A team of researchers led by experts from the National Institute of Standards and Technology (NIST) has explained why the membranes that encapsulate cells have the ability to repel nano-sized molecules that approach them. Their findings could have implications for the development of several cell-targeted drug therapies.
The team's results will be posted on: Journal of the American Chemical Society, demonstrate that the main mechanism preventing nano-sized particles from attaching to the cell surface is the strong electric field generated in the cell membrane. Neutral, uncharged nanoparticles are particularly affected by this repulsion force. In part, this is because the electric field attracts smaller charged molecules that disrupt the membrane and repel larger particles.
Repulsion may contribute to the efficacy of pharmaceutical treatments because many treatments are based on proteins and other nanosized particles that target membranes.
The results provide the first concrete evidence that the repulsive force is caused by an electric field. NIST's David Hoogerheide believes scientists should conduct further research into this effect.
These repulsive forces, along with the associated crowding exerted by smaller molecules, likely play an important role in how molecules with weak charges interact with biological membranes and other charged surfaces. This has implications for drug design and delivery and the behavior of particles in crowded environments at the nanometer scale..
David Hoogerheide, study author, NIST Neutron Research Center
Membranes define the boundaries of almost all cell types. In addition to the outer membrane that surrounds and protects the interior, cells have many membranes that make up components of organelles such as mitochondria and the Golgi apparatus.
Medical research benefits greatly from understanding membranes. One reason is that drugs often target proteins embedded in cell membranes.
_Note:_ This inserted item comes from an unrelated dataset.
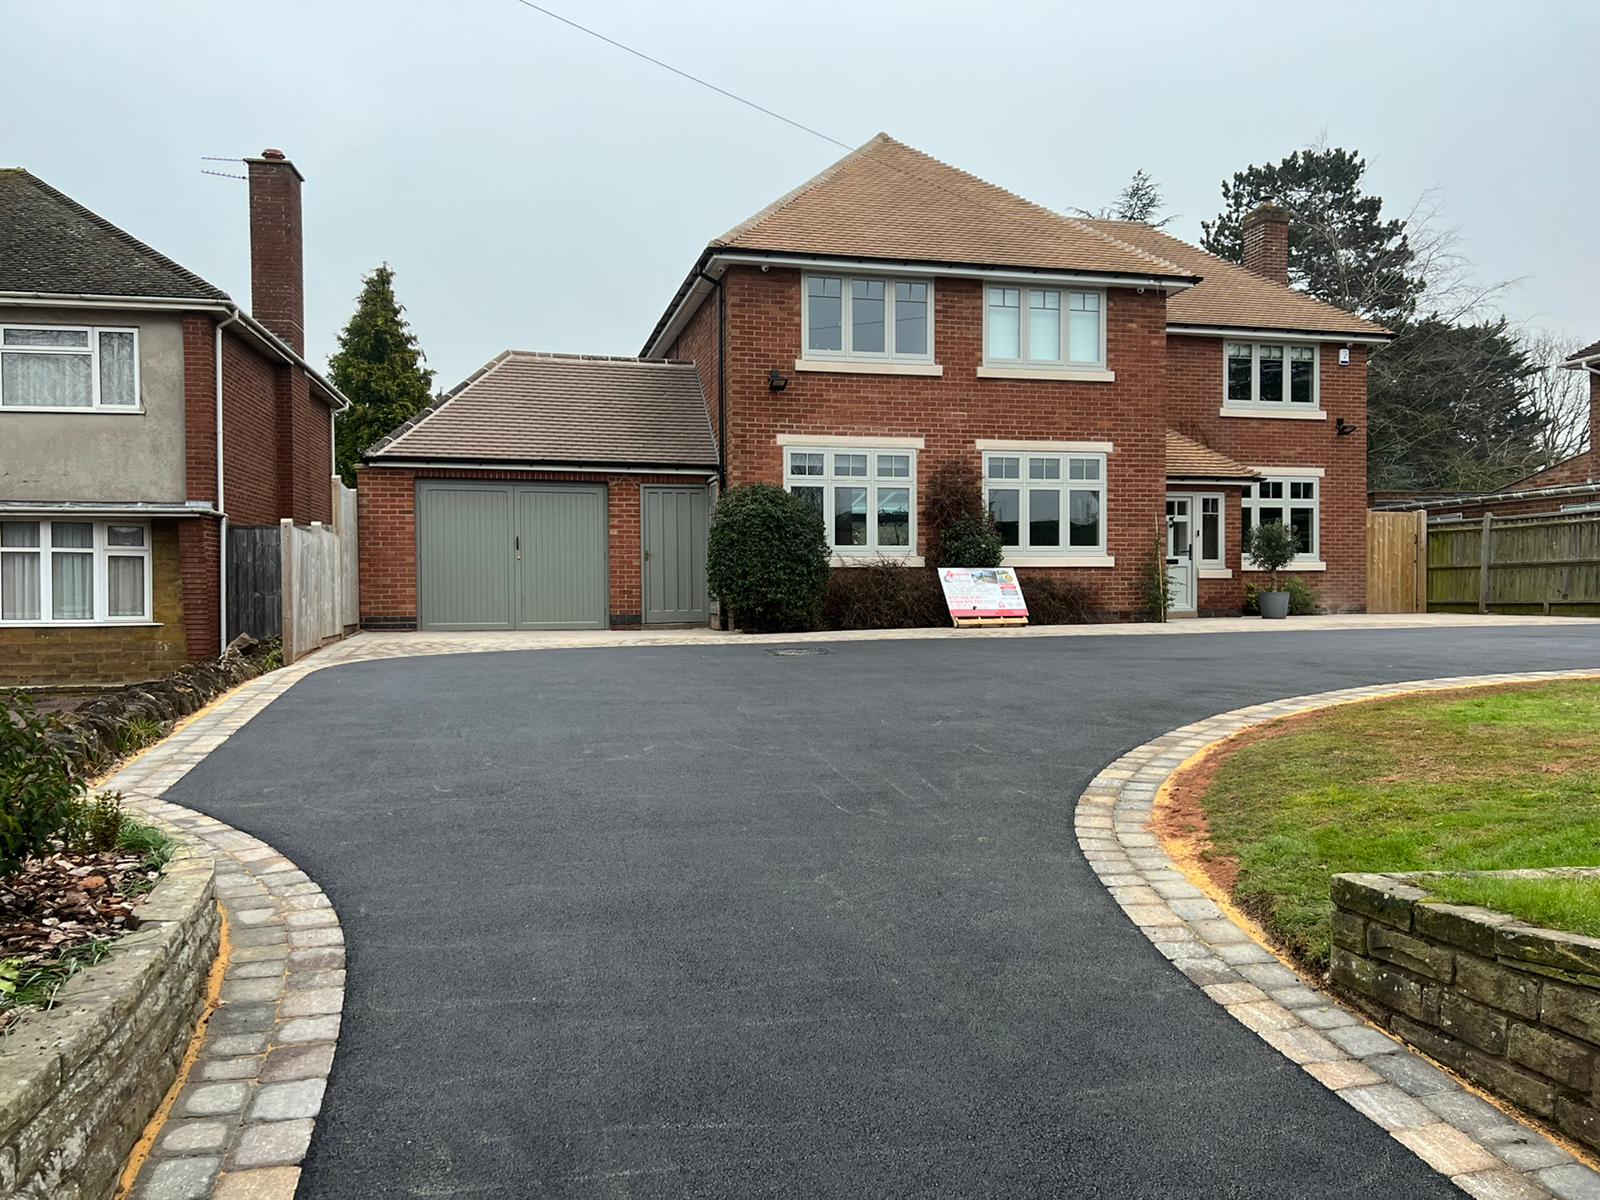 Is a Concrete Driveway the Best Choice for Your Home

Certain membrane proteins act as gateways that control what enters and exits the cell.
There may be activity in areas close to this membrane. Cell membranes and thousands of different molecules are tightly packed together, and as anyone who has ever tried to break through that crowd knows, it can be difficult. Large molecules, such as proteins, have limited mobility, while small molecules, such as salts, can squeeze into tight spaces and move more easily.
Because molecular communities influence how cells work in the real world, this has become a very busy area of scientific research, Hoogerheide added. The careful interaction of the components in this cellular “soup” determines the function of the cell. It now appears that cell membranes may also be involved, as they sort nearby molecules based on their charge and size.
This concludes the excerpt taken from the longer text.